Itsara Andy, Cooper Gregory M, Baker Carl, Girirajan Santhosh, Li Jun, Absher Devin, Krauss Ronald M, Myers Richard M, Ridker Paul M, Chasman Daniel I, Mefford Heather, Ying Phyllis, Nickerson Deborah A, Eichler Evan E
Department of Genome Sciences, School of Medicine, University of Washington, Seattle, WA 98195, USA.
Am J Hum Genet. 2009 Feb;84(2):148-61. doi: 10.1016/j.ajhg.2008.12.014. Epub 2009 Jan 22.

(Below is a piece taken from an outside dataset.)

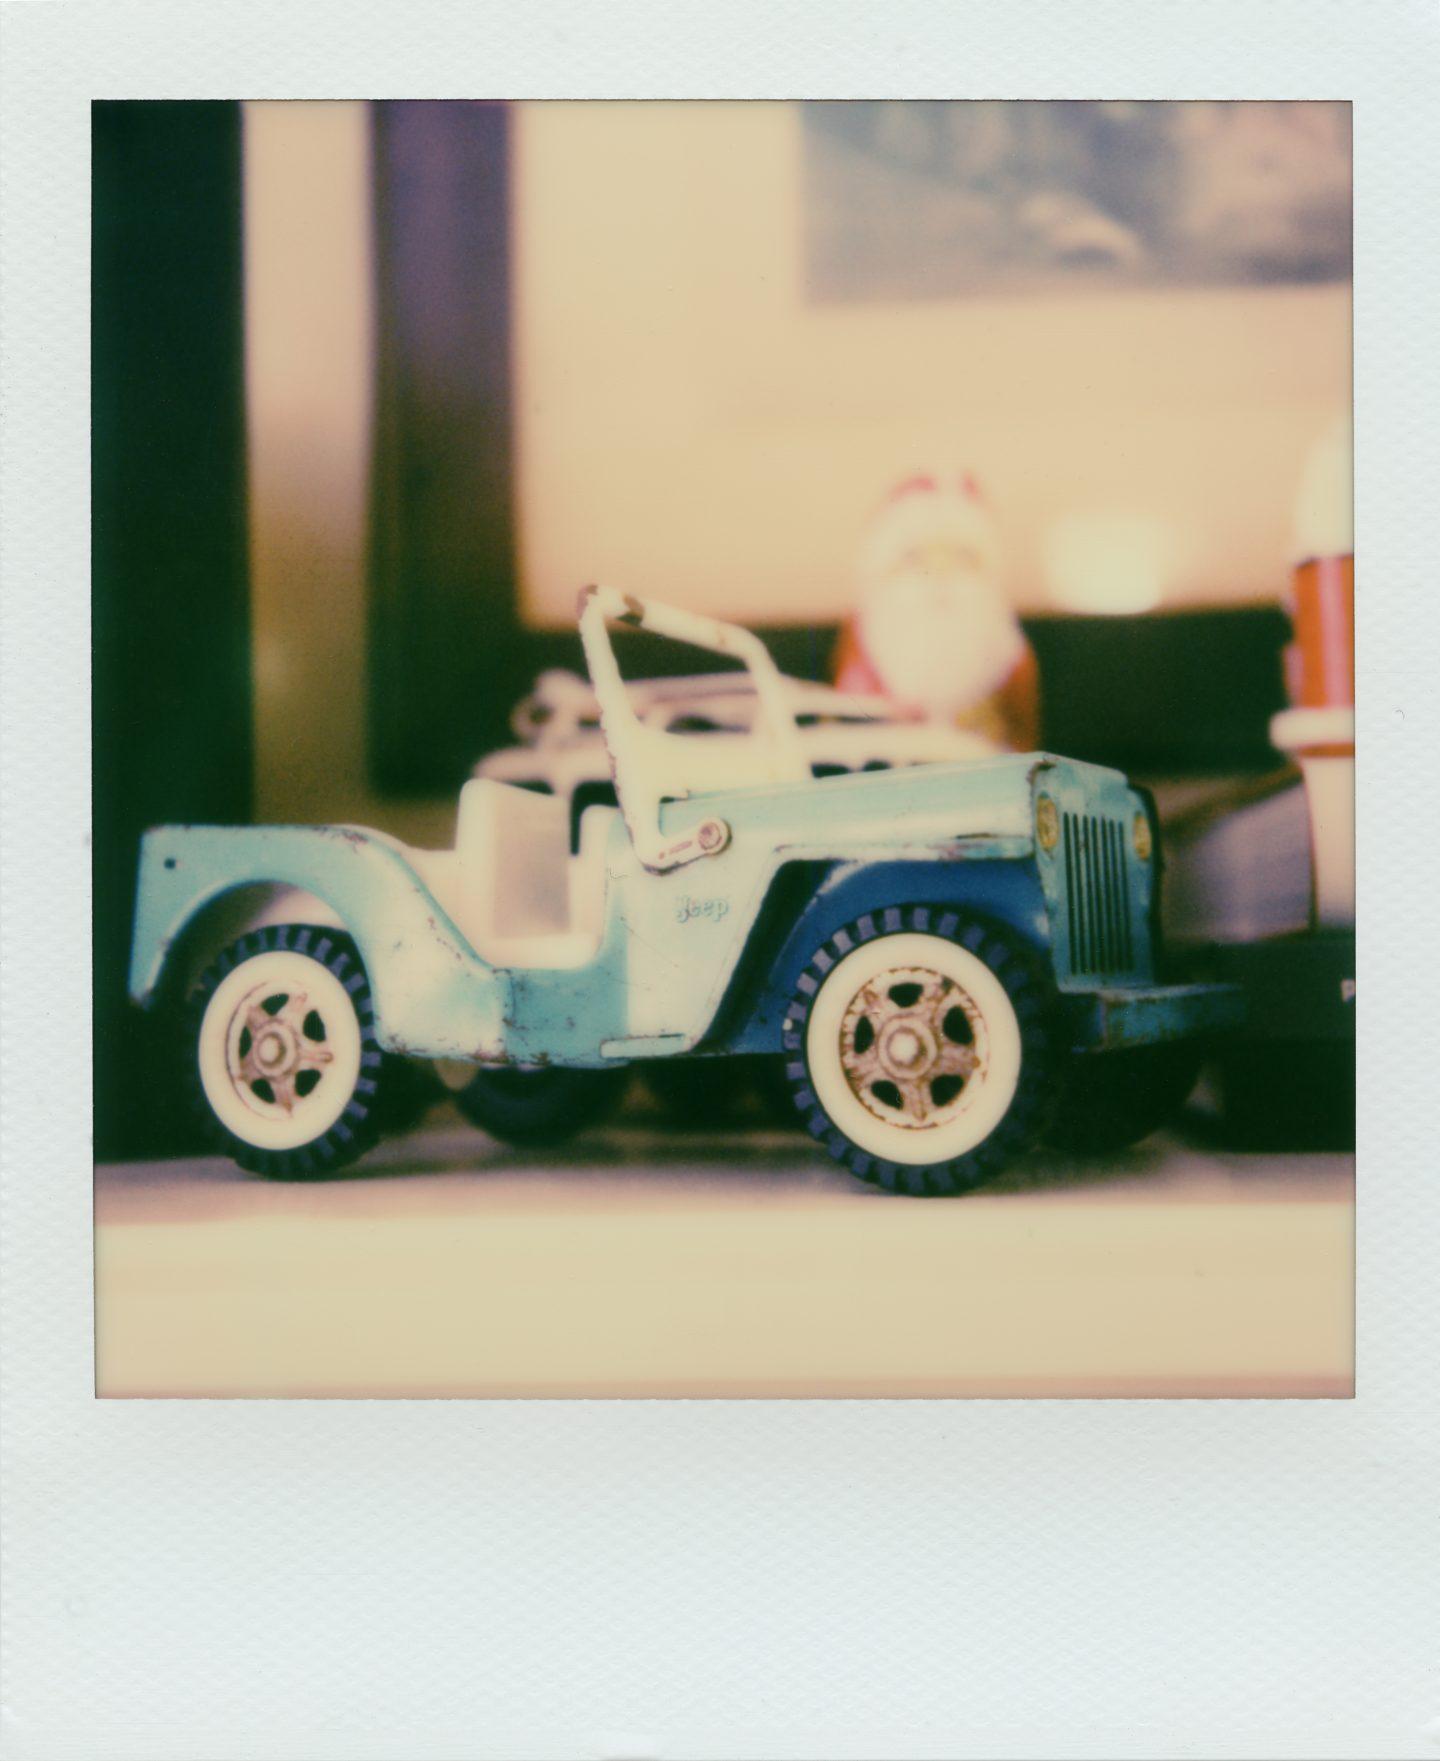 365-9 SX-70 Polaroid Instant Camera

Copy number variants (CNVs) contribute to human genetic and phenotypic diversity. However, the distribution of larger CNVs in the general population remains largely unexplored. We identify large variants in approximately 2500 individuals by using Illumina SNP data, with an emphasis on "hotspots" prone to recurrent mutations. We find variants larger than 500 kb in 5%-10% of individuals and variants greater than 1 Mb in 1%-2%. In contrast to previous studies, we find limited evidence for stratification of CNVs in geographically distinct human populations. Importantly, our sample size permits a robust distinction between truly rare and polymorphic but low-frequency copy number variation. We find that a significant fraction of individual CNVs larger than 100 kb are rare and that both gene density and size are strongly anticorrelated with allele frequency. Thus, although large CNVs commonly exist in normal individuals, which suggests that size alone can not be used as a predictor of pathogenicity, such variation is generally deleterious. Considering these observations, we combine our data with published CNVs from more than 12,000 individuals contrasting control and neurological disease collections. This analysis identifies known disease loci and highlights additional CNVs (e.g., 3q29, 16p12, and 15q25.2) for further investigation. This study provides one of the first analyses of large, rare (0.1%-1%) CNVs in the general population, with insights relevant to future analyses of genetic disease.
拷贝数变异(CNV)对人类遗传和表型多样性有贡献。然而,一般人群中较大CNV的分布在很大程度上仍未被探索。我们通过使用Illumina SNP数据在约2500名个体中鉴定大变异,重点关注易于发生反复突变的“热点”。我们发现5%-10%的个体存在大于500 kb的变异,1%-2%的个体存在大于1 Mb的变异。与先前的研究不同,我们发现地理上不同的人类群体中CNV分层的证据有限。重要的是,我们的样本量允许对真正罕见的和多态但低频的拷贝数变异进行有力区分。我们发现大于100 kb的个体CNV中有很大一部分是罕见的,并且基因密度和大小都与等位基因频率强烈负相关。因此,尽管大CNV通常存在于正常个体中,这表明不能仅以大小作为致病性的预测指标,但这种变异通常是有害的。考虑到这些观察结果,我们将我们的数据与来自超过12,000名对照和神经疾病患者的已发表CNV数据相结合。该分析确定了已知的疾病位点,并突出了其他需要进一步研究的CNV(例如,3q29、16p12和15q25.2)。这项研究首次对一般人群中大型、罕见(0.1%-1%)的CNV进行了分析,为未来的遗传疾病分析提供了相关见解。